While the film, directed by Jordan Weiss from a script she co-wrote with Dan Brier, leaps off the blocks and rarely slows down, it never nails that “one crazy night” feel. There’s plenty of incident, but it doesn’t find that jittery, “so painful it’s hysterical” energy. As a result, viewers can often feel like they’re forgetting Sweethearts as it unfolds. There’s a thin line between lighthearted and disposable. Too often, the movie crosses it. It is frequently fun, often funny, but little of it sticks.
Another kind of movie Sweethearts whiffs on is a teen/college sex comedy. Early on, it feels like it may want to be what American Pie was to the born in the 80s set or Sex Drive, less successfully, was to the 90s babies. It is a genre this critic confesses to have a particular affection for while acknowledging its limitations and problematic aspects. There’s Jamie’s loud “faked” phone sex in the first five minutes. (Sidenote: I’m not sure anyone has been so delightfully blasé screaming about how horny she is while getting ready for class as Shipka is here.) The party scene has simulated sex, grinding, an exposed penis, and a bodily fluids gag that feels especially Pie-esque. But after 20 minutes that all goes away, leaving a far tamer film in its wake.
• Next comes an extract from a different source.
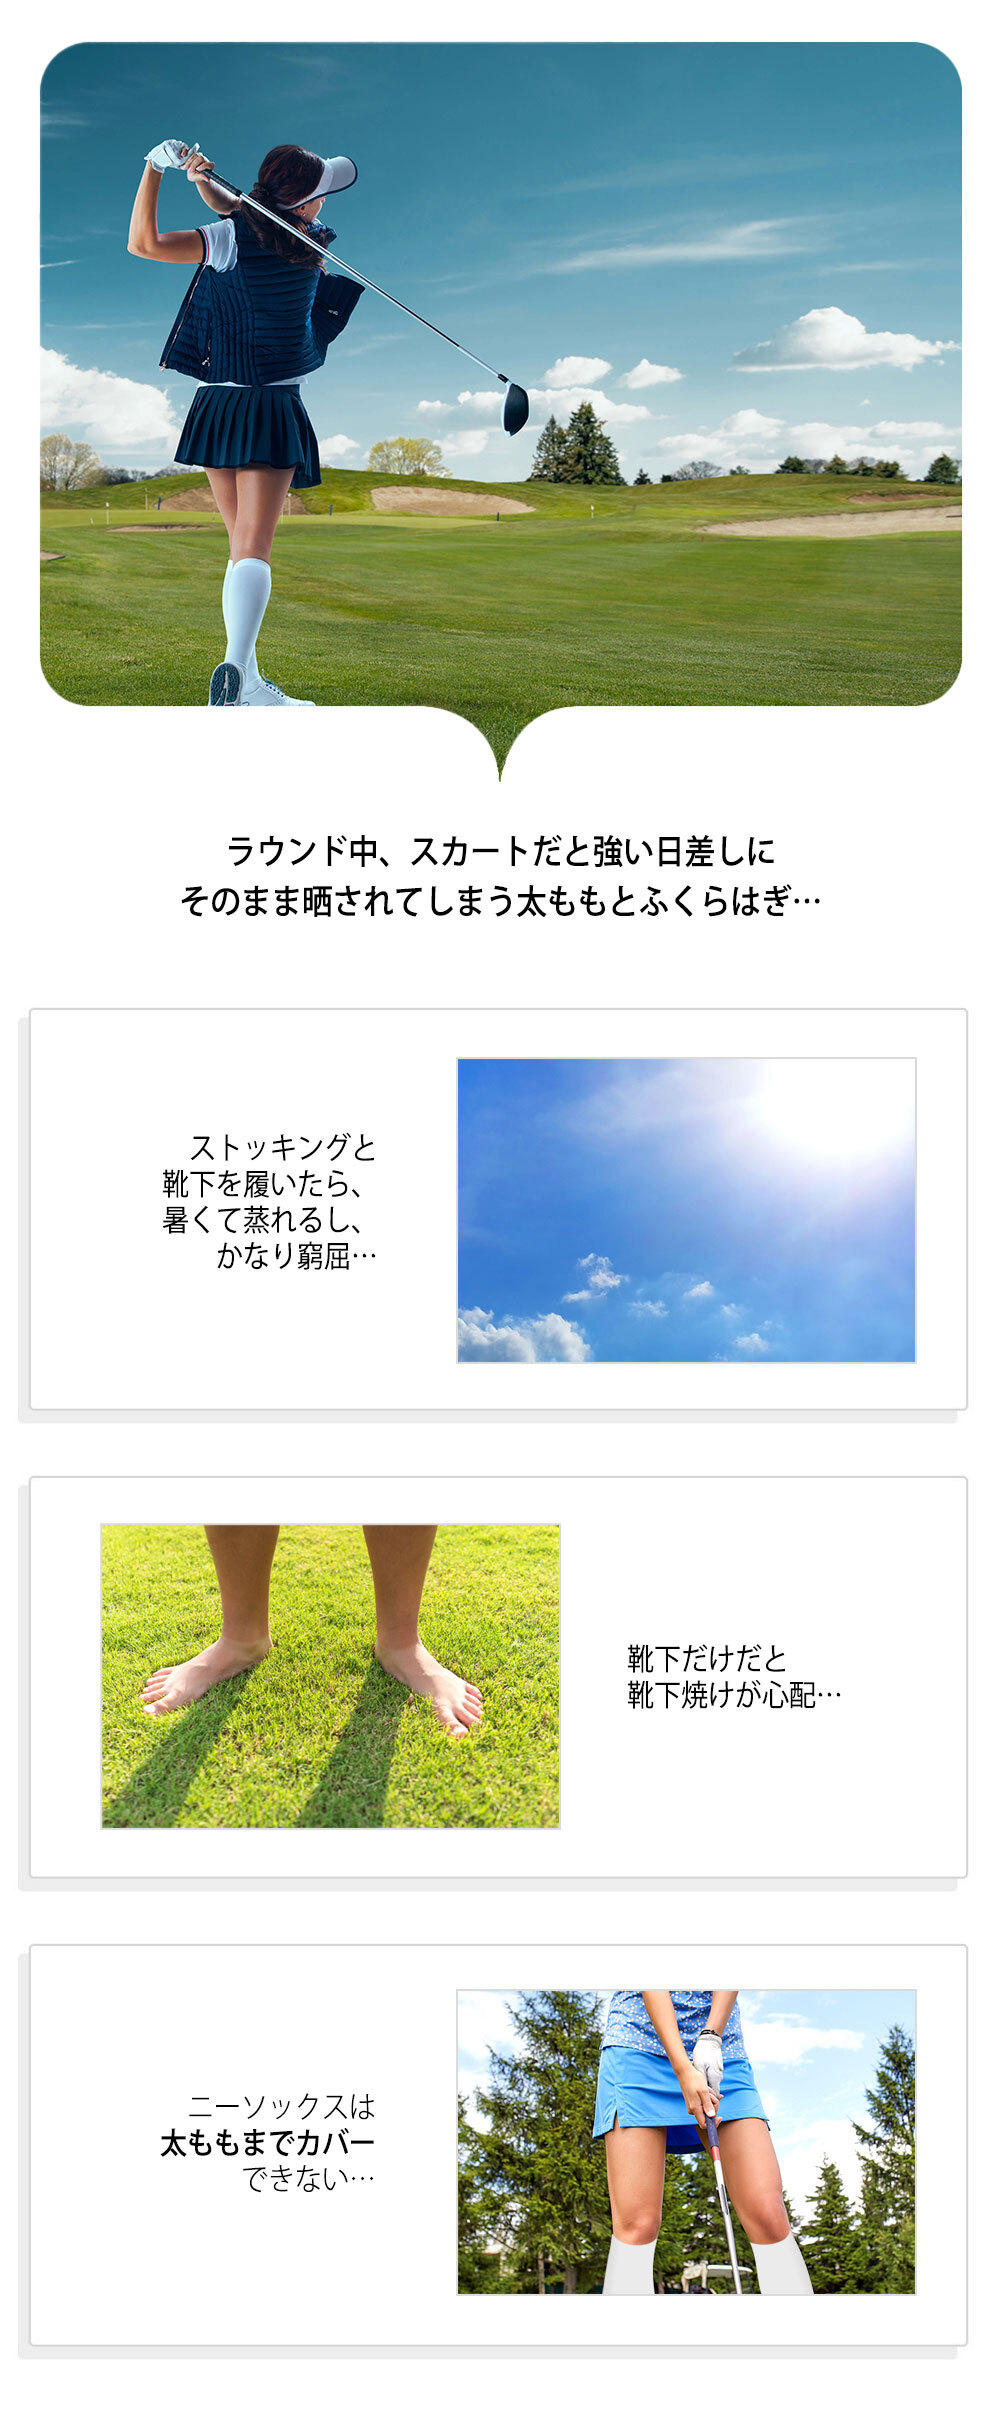 ゴルフストッキング | BLCA 日本公式サイト

What it does well, on the other hand, is capture the sense of returning to a place that’s not really home any longer. For Jamie and Ben, everything and everyone is familiar, but it doesn’t fit like it used to. Sometimes, that’s good as it allows old grudges to be released. Other times, decidedly less so as people feel free to cross lines they never would’ve back in high school. That mix of longing for what was while feeling a bit dragged down on it feels honest and recognizable.
It also gives the film its best subplot. The “one gay friend” is an archetype of teen/young adult films, one as similarly prone to marginalization as the “one friend of color” trope. Early in the film, Palmer looks likely to slot into that role, with the opening credits labeling him the “other best friend.” However, when Ben and Jamie reach their Ohio hometown, Palmer gets considerably more of the narrative. Even better, his storyline is the most satisfying as he discovers an unexpected community (with the likes of Joel Kim Booster’s fireman) in the hometown he’d spent years convincing himself he wanted to escape. Hearon gives Palmer a nice mix of certainty and confusion. He has a good sense of who he is but is still unsure what he wants. He keeps the character from being either purely the wise outsider or the flamboyant comic relief.
His development, while absolutely worth it, does undercut Ben and Jamie’s storylines. As a result, they’re both pretty thin for lead characters. Once again, Sweethearts often feels so lighthearted it might blow away. Thankfully, Shipka and Hiraga have charisma and chemistry to spare. There’s much the audience can let slide because the two’s energy connects many dots that less talented performers would be stranded between by the script.
On the other hand, the screenplay also delivers a reversal in the final third that proves its smartest choice. Without spoilers, I will say it is nice to finally watch a film that realizes all kinds of connections between people are valid and worth cultivating and holding on to.
Despite being a fairly forgettable affair—or perhaps precisely because it is—Sweethearts feels like a perfect Holiday Break film for when you grow tired of the tinsel and holly. The movie has a nice energy, winning performers, and gives a usually dismissed character type a satisfying arc that kind of pushes the straight leads into the margins. It lives up to the first part of its name, giving viewers a sugary treat. Best of all, it doesn’t require much investment and won’t leave them feeling bogged down or bloated. Sometimes, when the nights are long and the holidays are chaotic, that sort of respite is a delight.
Sweethearts is currently fumbling toward adulthood on MAX.